Other parameters to include in CSV input file:

min_asv_length: Minimum length of Amplicon Sequence Variants (ASVs) after core dada ASV inference steps (default = 0)
seed: For greater reproducibility, user can specify an integer to set as a seed to use when the following DADA2 functions are run: plotQualityProfile, learnErrors, dada, makeSequenceTable, and assignTaxonomy (default: NULL)

Example file (with select optional columns after forward and reverse primer sequence columns):

primer_name,forward,reverse,already_trimmed,minCutadaptlength,multithread,verbose,maxN,maxEE_forward,maxEE_reverse,truncLen_forward,truncLen_reverse,truncQ,minLen,maxLen,minQ,trimLeft,trimRight,rm.lowcomplex,minOverlap,maxMismatch,min_asv_length
rps10,GTTGGTTAGAGYARAAGACT,ATRYYTAGAAAGAYTYGAACT,FALSE,100,TRUE,FALSE,1.00E+05,5,5,0,0,5,150,Inf,0,0,0,0,15,0,50
its,CTTGGTCATTTAGAGGAAGTAA,GCTGCGTTCTTCATCGATGC,FALSE,50,TRUE,FALSE,1.00E+05,5,5,0,0,5,50,Inf,0,0,0,0,15,0,50

Reference Databases

Databases will be copied into the user-specified data folder where raw data files and csv files are located. The names will be parameters in the assignTax function.

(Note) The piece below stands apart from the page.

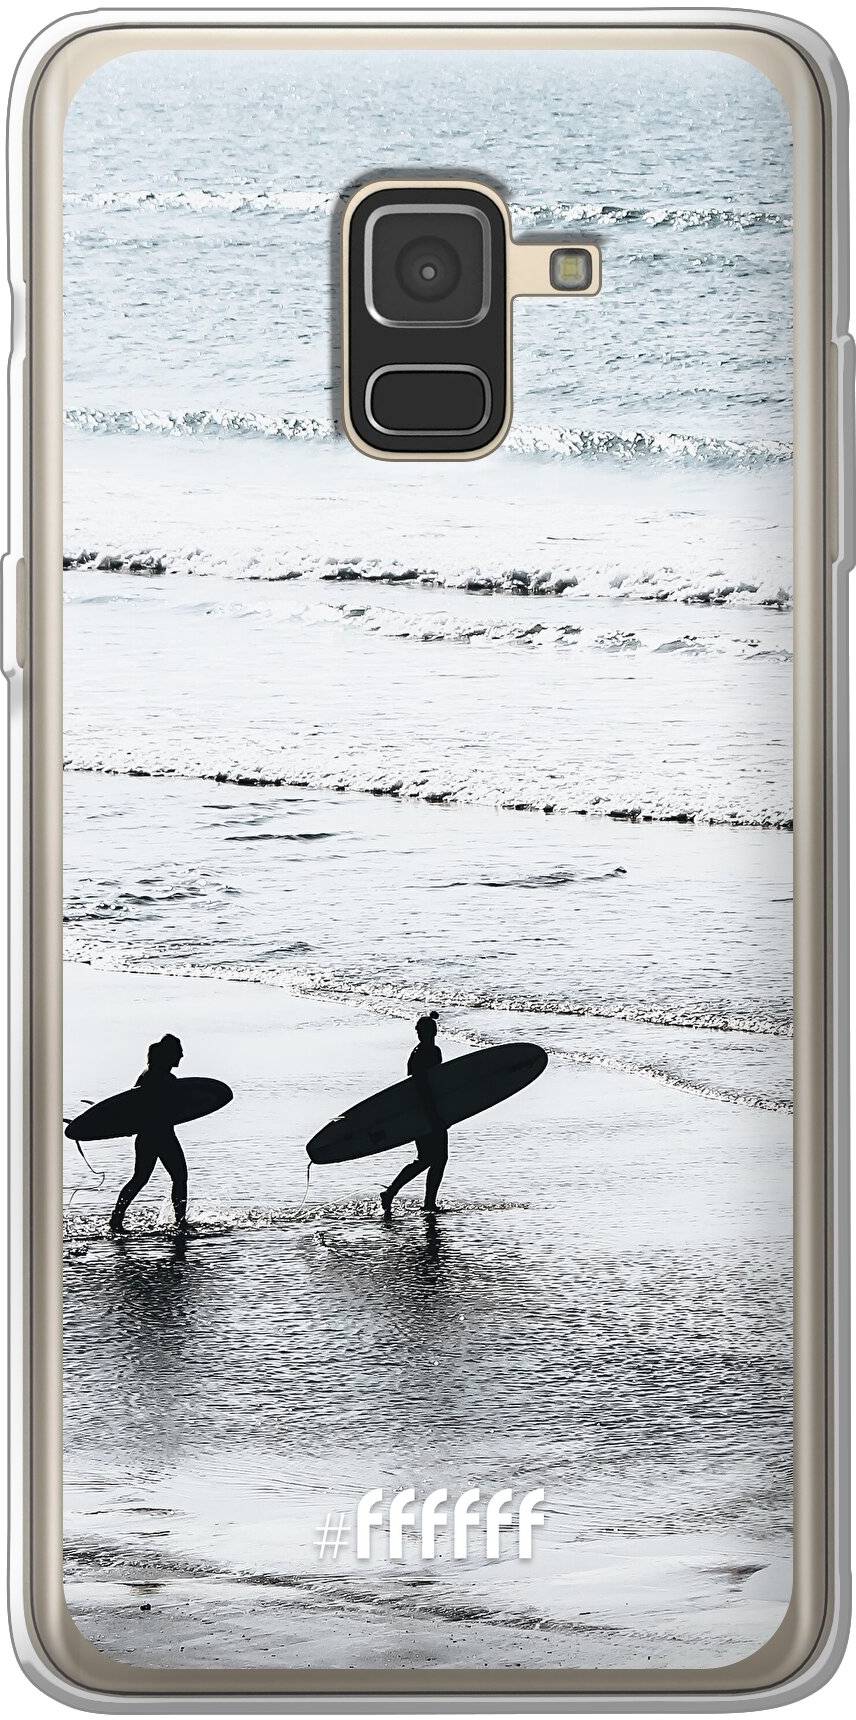 Surfing Galaxy A8 (2018)

For now, the package is compatible with the following databases:

oomyceteDB from: https://grunwaldlab.github.io/OomyceteDB/
SILVA 16S database with species assignments: https://www.arb-silva.de/
- An easily accessible download is found here: https://zenodo.org/records/14169026
UNITE database from https://unite.ut.ee/repository.php
Up to two other reference databases. The user will need to reformat headers exactly as outlined here. The user can then specify the path to the database in the input file. The database should be in FASTA format.